_Available data_

=======

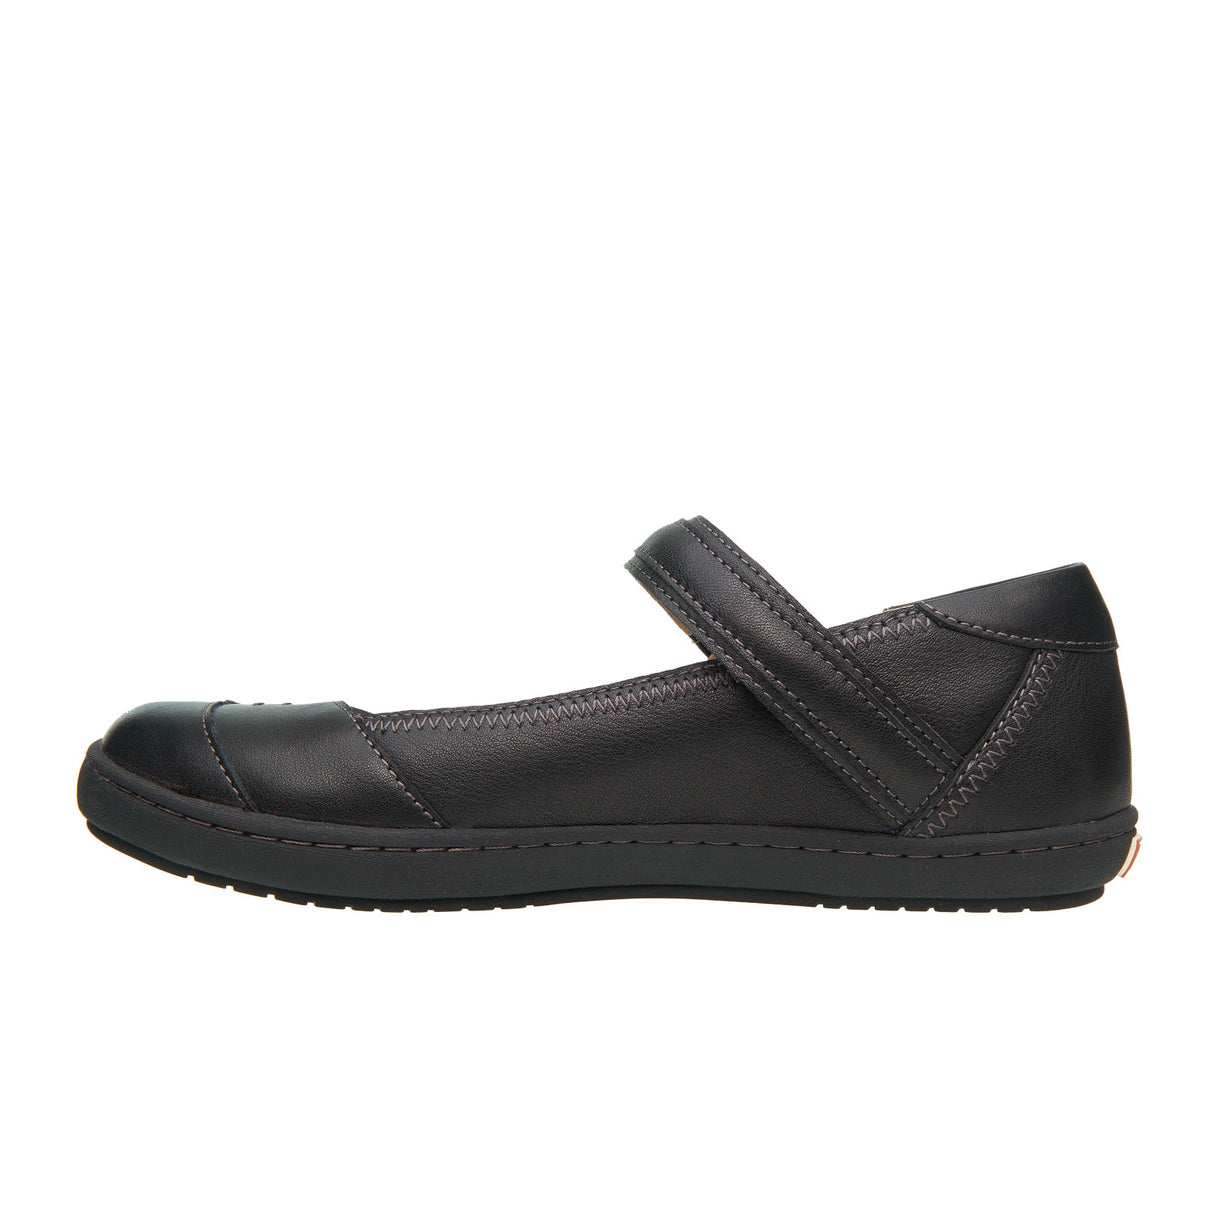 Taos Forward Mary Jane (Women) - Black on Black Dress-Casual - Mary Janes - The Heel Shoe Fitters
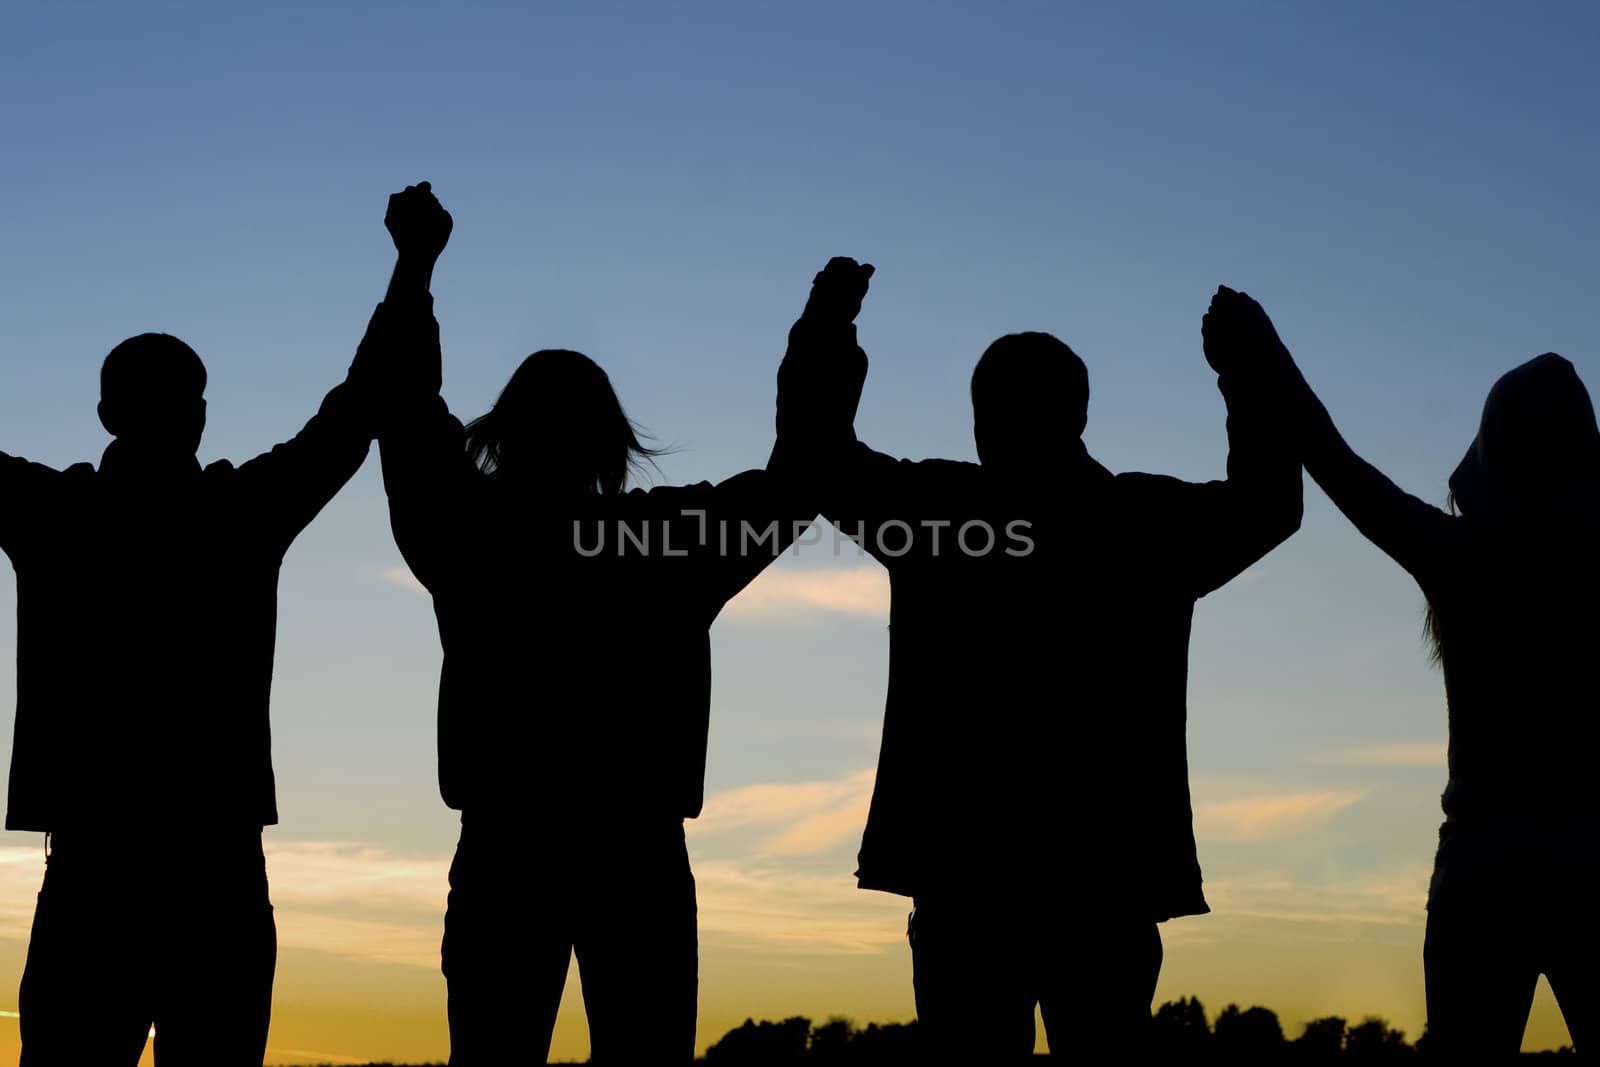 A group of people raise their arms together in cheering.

=======

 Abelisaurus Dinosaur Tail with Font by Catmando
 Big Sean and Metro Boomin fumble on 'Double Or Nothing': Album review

=======

_To do_
Please output exactly the lines between the one holding "Abelisaurus Dinosaur Tail" and the one holding "Big Sean and" in the records above, inclusive, and nothing more.

_Solution to the exercise_
 Abelisaurus Dinosaur Tail with Font by Catmando
 Big Sean and Metro Boomin fumble on 'Double Or Nothing': Album review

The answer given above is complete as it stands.